To get data into and out of these engines, Core Audio provides various helper APIs, which are used throughout the book:
- Audio File Services. This framework abstracts away the details of various container formats for audio files. As a result, you don’t have to write code that specifically addresses the idiosyncrasies of AIFFs, WAVs, MP3s, or any other format. It enables your program to open an audio file, get or set the format of the audio data it contains, and start reading or writing.
- Audio File Stream Services. If your audio is coming from the network, this framework can help you figure out the format of the audio in the network stream. This enables you to provide it to one of the playback engines or process it in other interesting ways.

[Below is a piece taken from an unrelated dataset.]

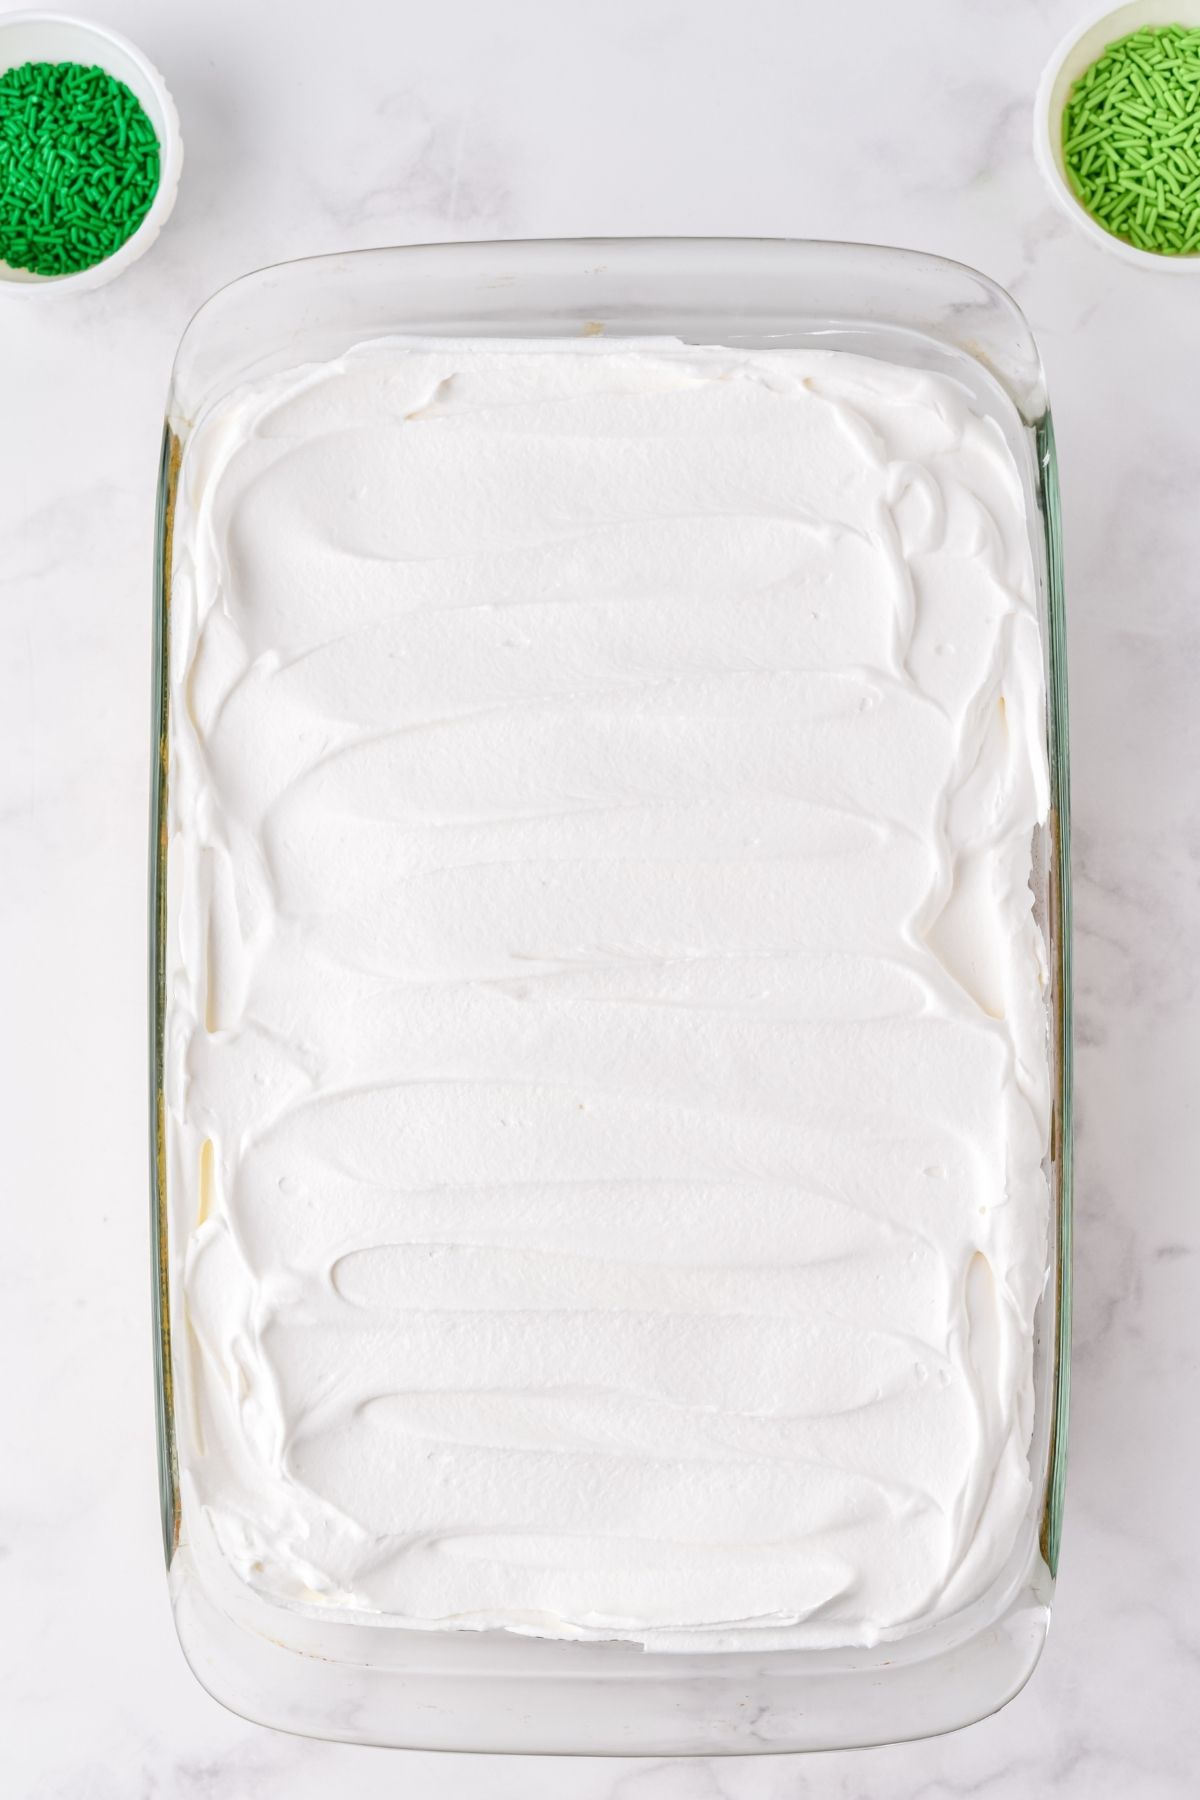 whipped topping spread on top of cake

- Audio Converter Services. Audio can exist in many formats. By the time it reaches the audio engines, it needs to be in an uncompressed playable format (LPCM, discussed in Chapter 2, “The Story of Sound”). Audio Converter Services helps you convert between encoded formats such as AAC or MP3 and the uncompressed raw samples that actually go through the audio units.
- Extended Audio File Services. A combination of Audio Converter Services and Audio File Stream Services, the Extended Audio File APIs enables you to read from or write to audio files and do a conversion at the same time. For example, instead of reading AAC data from a file and then converting to uncompressed PCM in memory, you can do both in one call by using Extended Audio File Services.

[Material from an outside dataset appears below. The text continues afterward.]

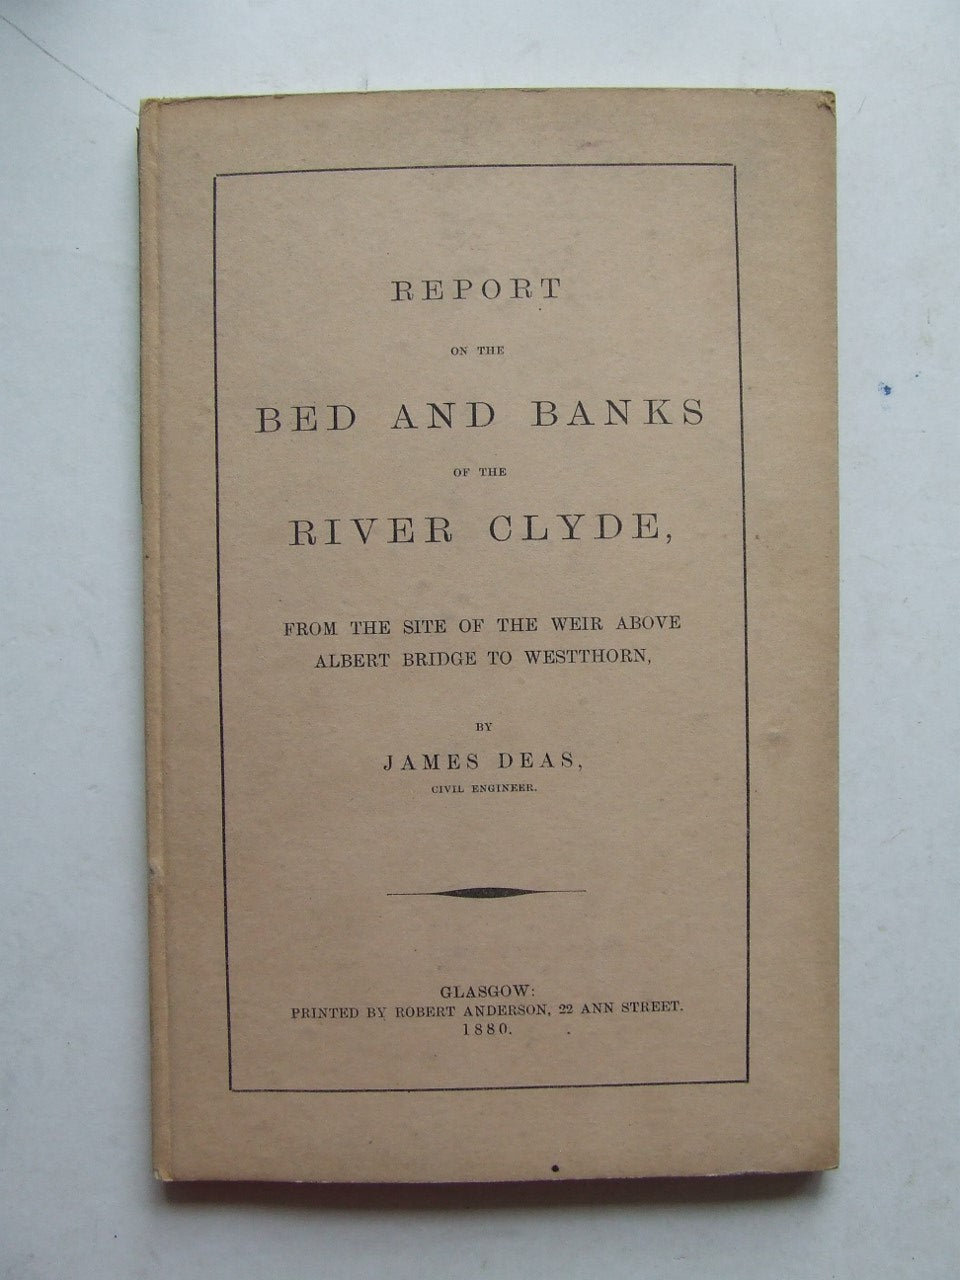 Report on the Bed and Banks of the River Clyde

- Core MIDI. Most of the Core Audio frameworks are involved with processing sampled audio that you’ve received from other sources or captured from an input device. With the Mac-only Core MIDI framework, you synthesize audio on the fly by describing musical notes and how they are to be played out—for example, whether they should sound like they’re coming from a grand piano or a ukulele. You’ll try out MIDI in Chapter 11, “Core MIDI.”
A few Core Audio frameworks are platform specific:
- Audio Session Services. This iOS-only framework enables your app to coordinate its use of audio resources with the rest of the system. For example, you use this API to declare an audio “category,” which determines whether iPod audio can continue to play while your app plays and whether the ring/silent switch should silence your app. You’ll use this more in Chapter 10, “Core Audio on iOS.”
As you develop your application, you’ll combine these APIs in interesting ways. For example, you could use Audio File Stream Services to get the audio data from a net radio stream and then use OpenAL to put that audio in a specific location in a 3D environment.